--- DATA SHOWN Enclosed Below ---

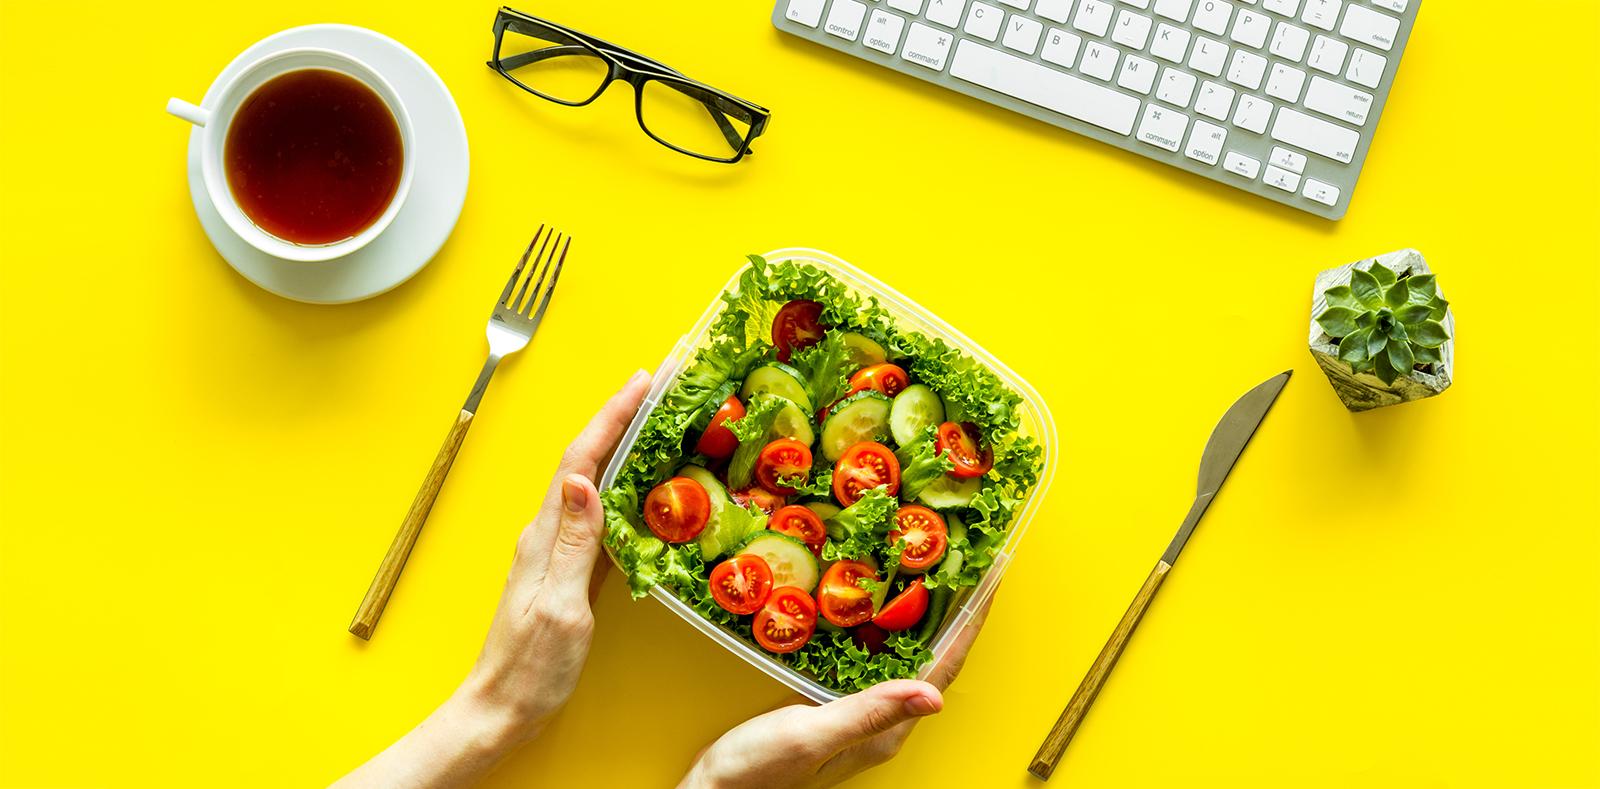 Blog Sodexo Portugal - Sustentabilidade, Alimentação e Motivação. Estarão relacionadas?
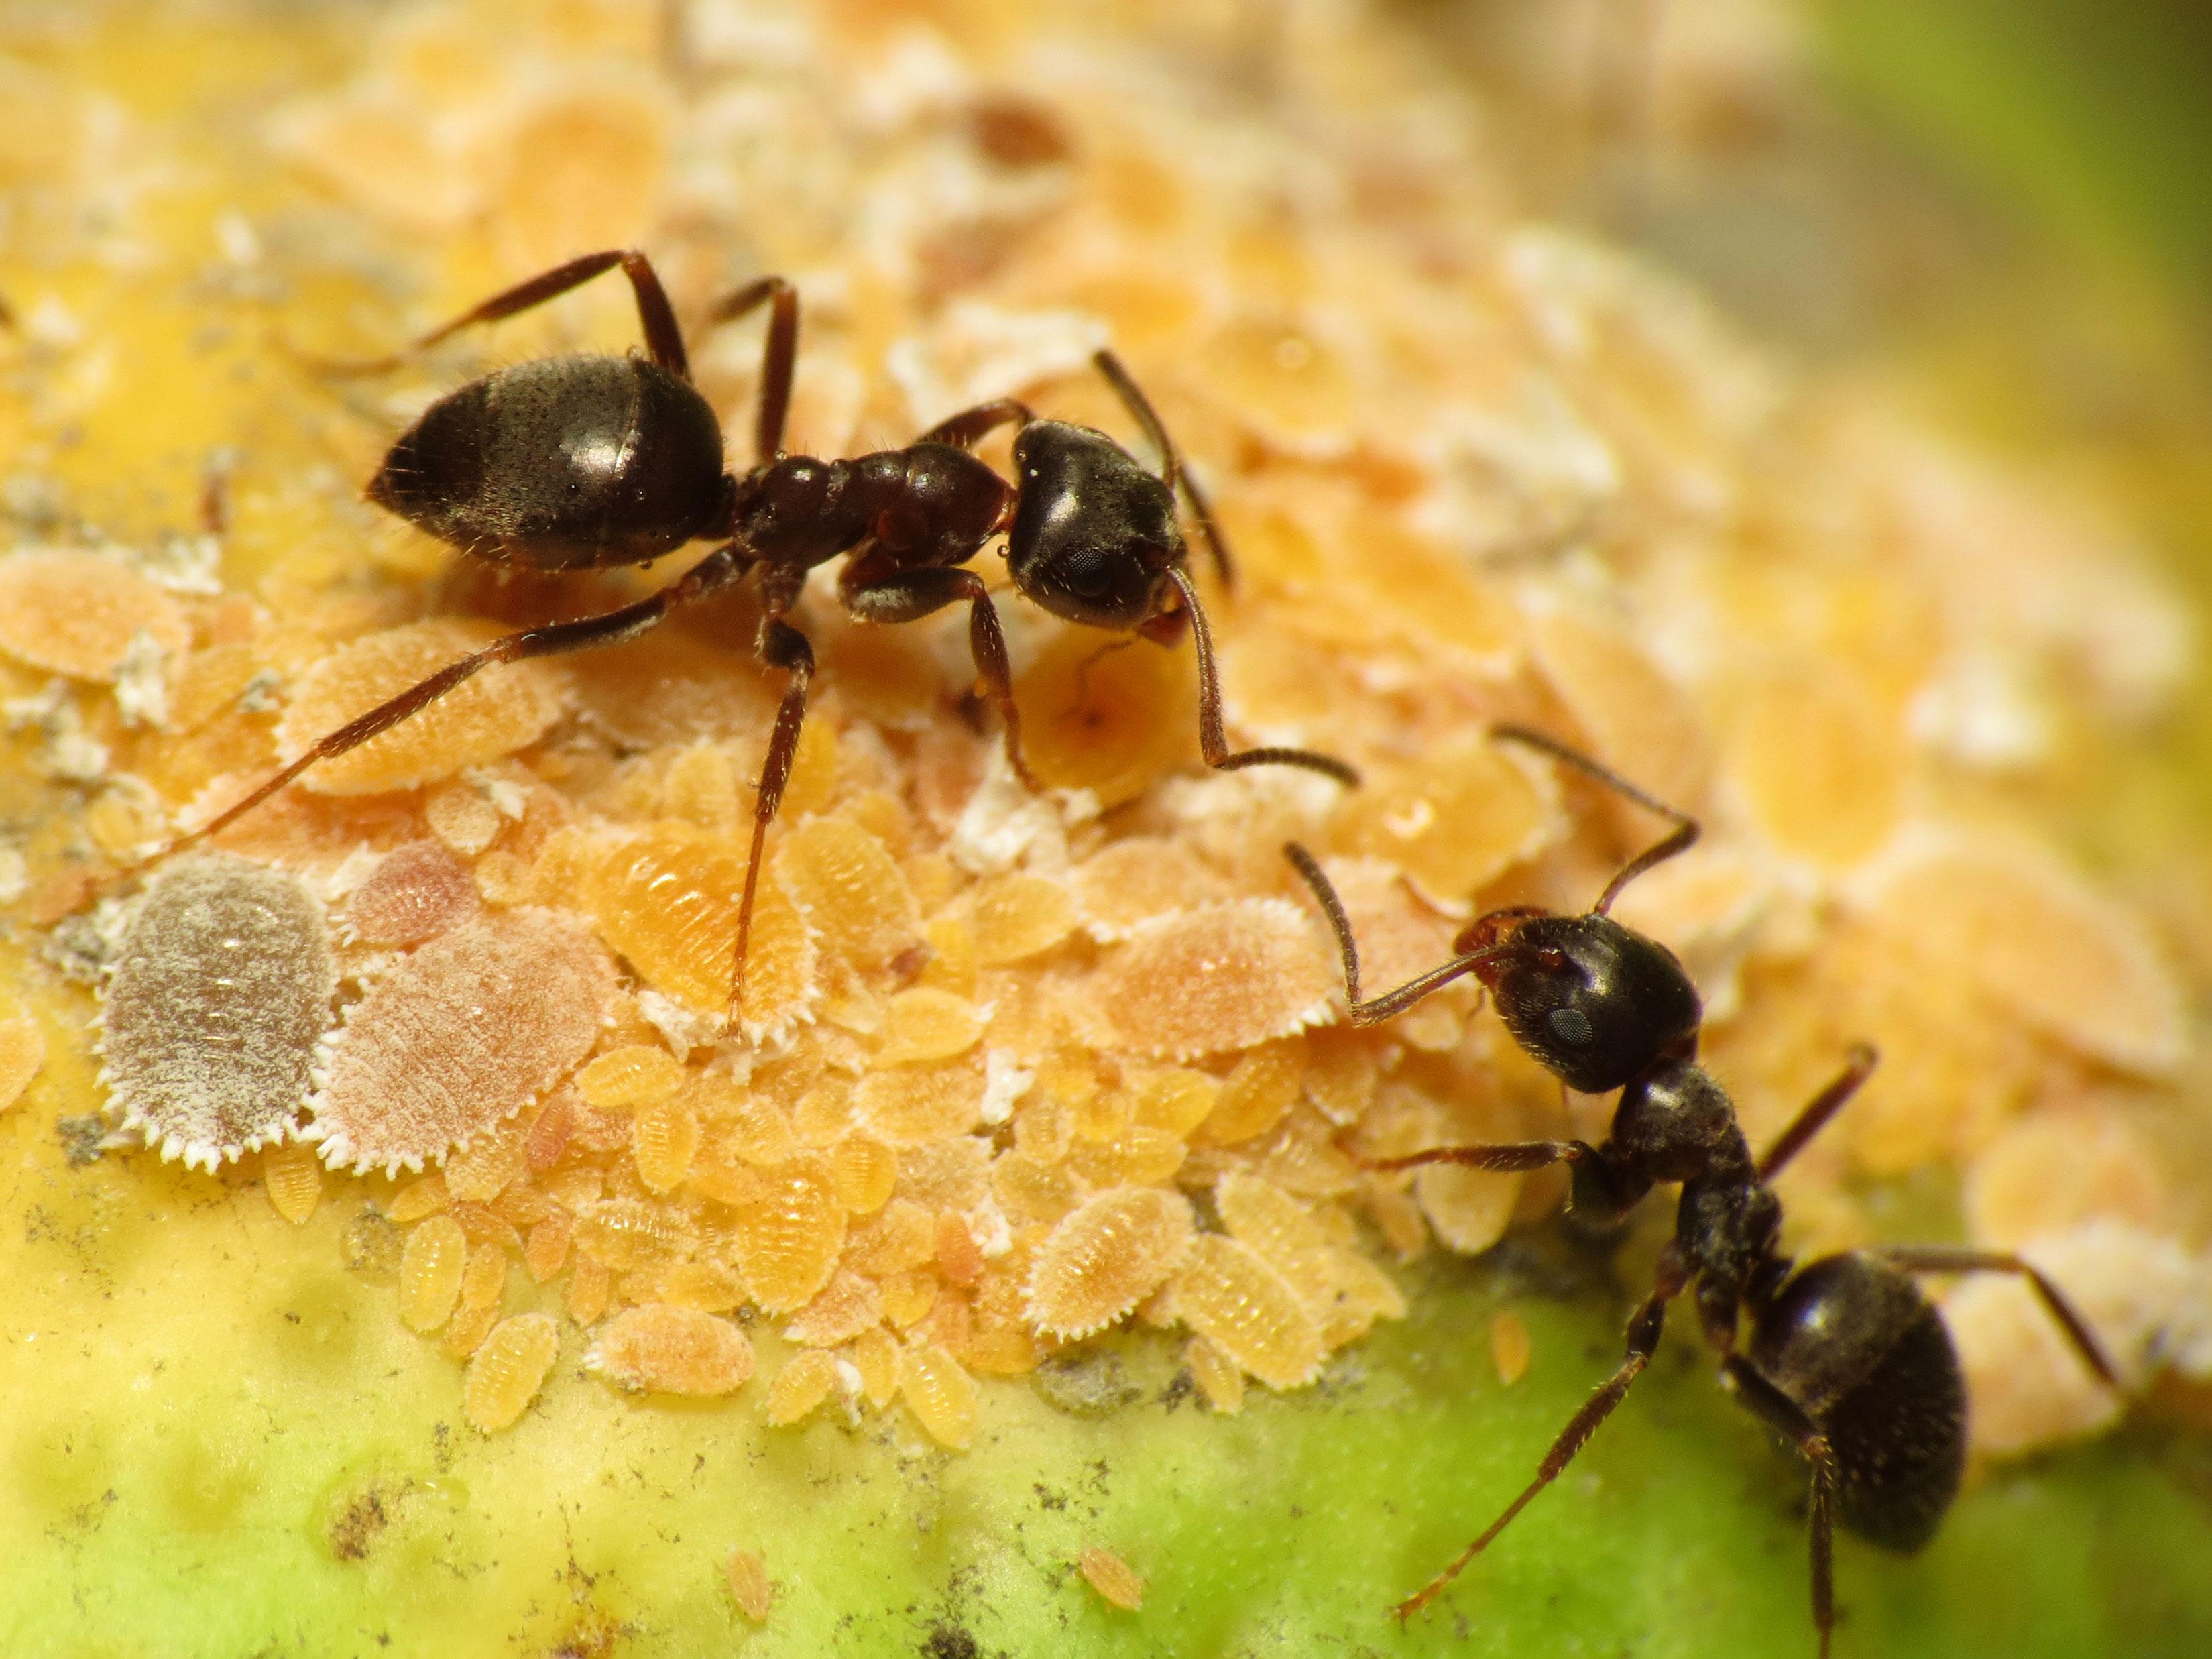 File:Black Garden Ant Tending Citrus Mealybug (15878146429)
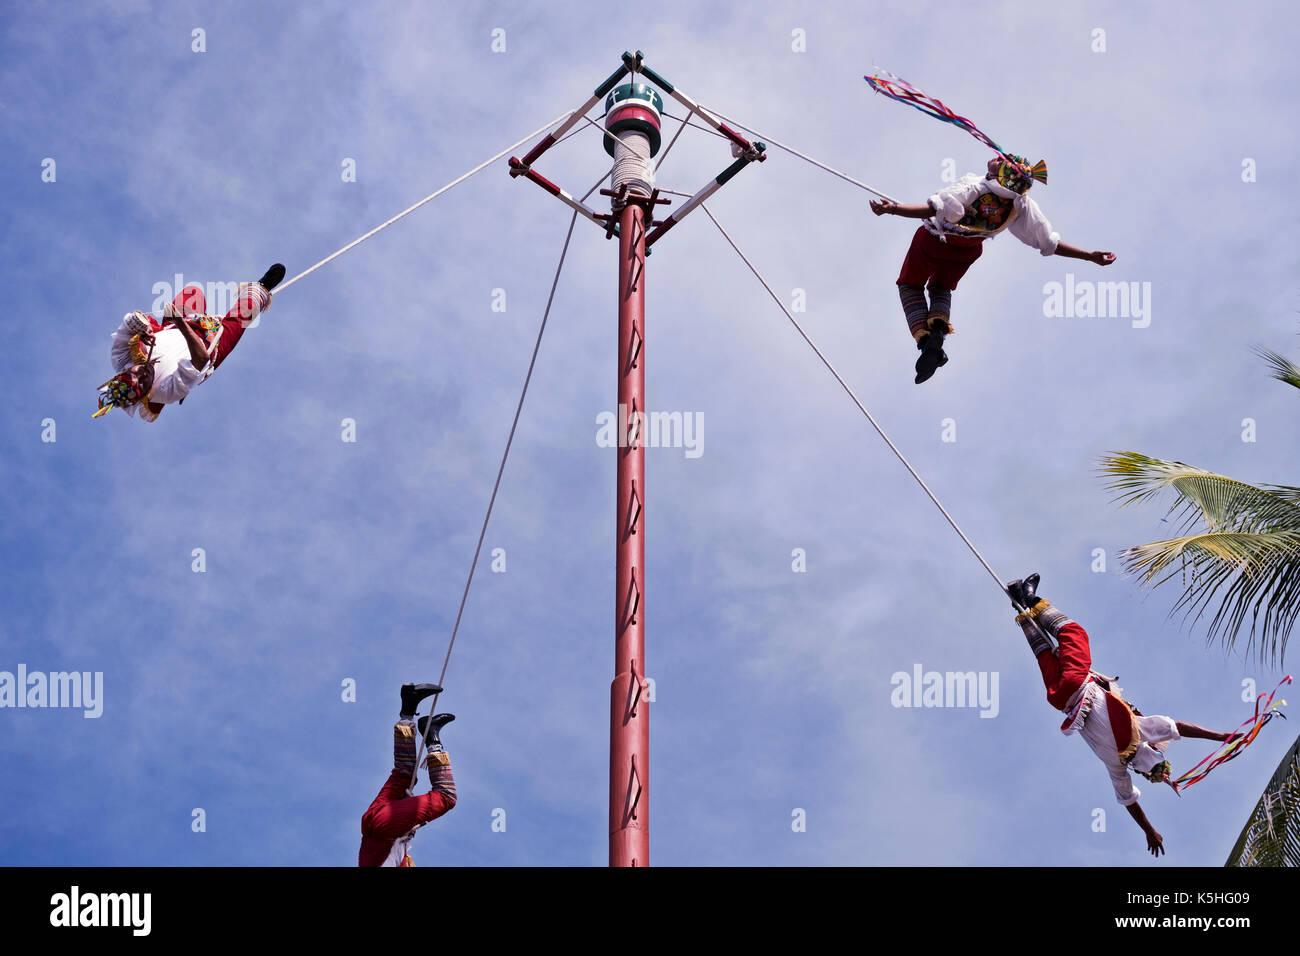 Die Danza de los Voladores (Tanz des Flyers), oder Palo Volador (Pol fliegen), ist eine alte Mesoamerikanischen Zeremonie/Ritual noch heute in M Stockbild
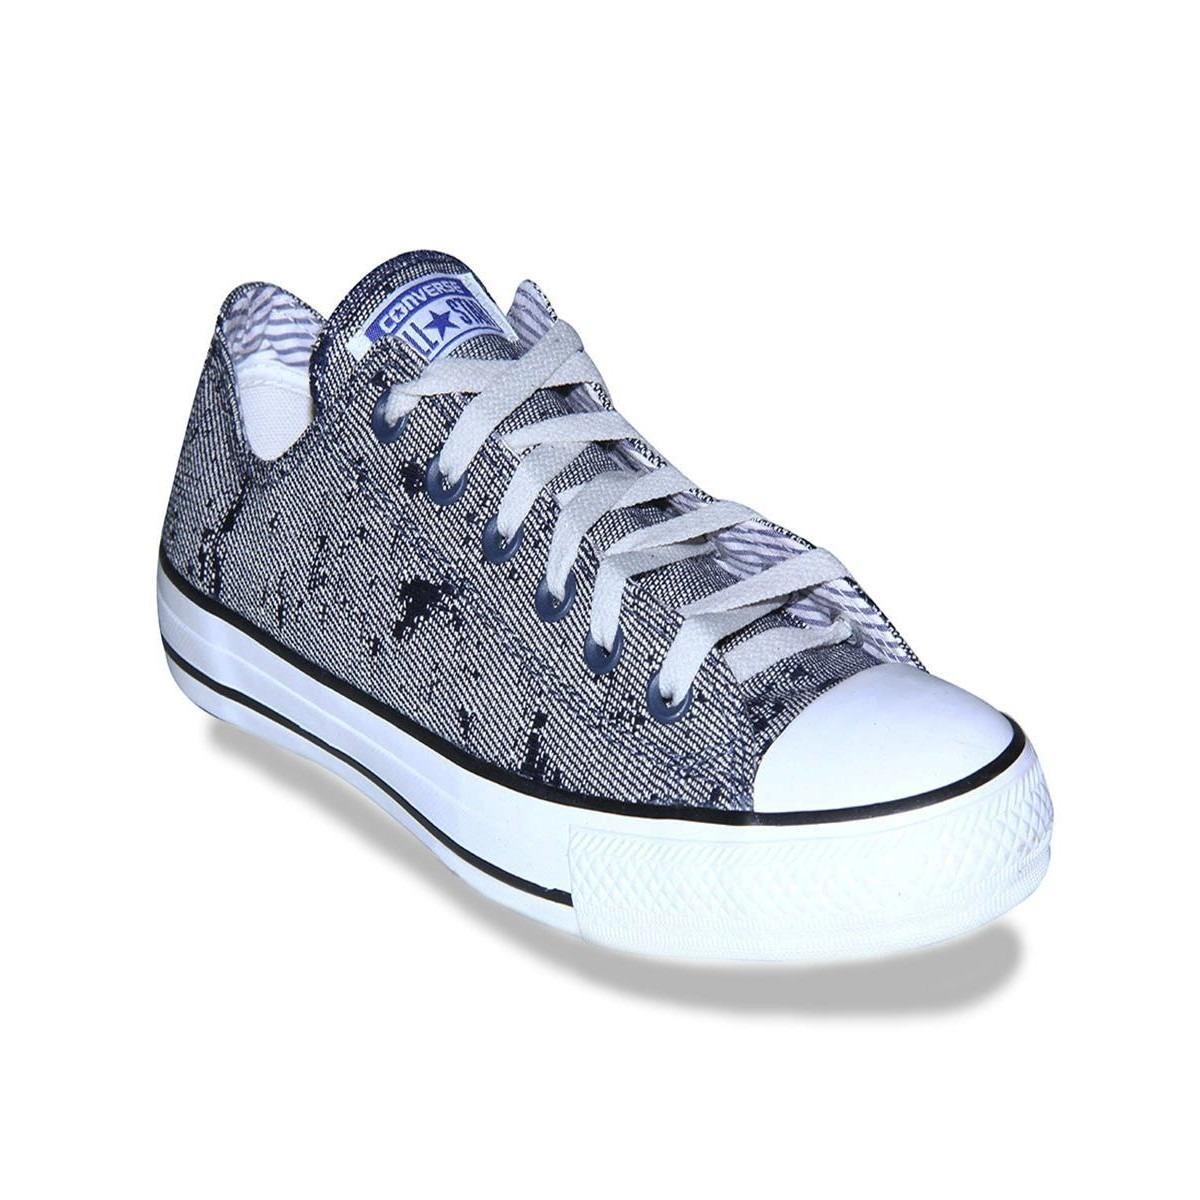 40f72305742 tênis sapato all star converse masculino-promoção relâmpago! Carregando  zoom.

--- End of Enclosed DATA SHOWN ---

**HOW TO COMPLETE THIS TASK:** Would you output the listing above verbatim, without its pictures?

**SOLUTION TO THIS TASK:**
 Blog Sodexo Portugal - Sustentabilidade, Alimentação e Motivação. Estarão relacionadas?
 File:Black Garden Ant Tending Citrus Mealybug (15878146429)
 Die Danza de los Voladores (Tanz des Flyers), oder Palo Volador (Pol fliegen), ist eine alte Mesoamerikanischen Zeremonie/Ritual noch heute in M Stockbild
 40f72305742 tênis sapato all star converse masculino-promoção relâmpago! Carregando  zoom.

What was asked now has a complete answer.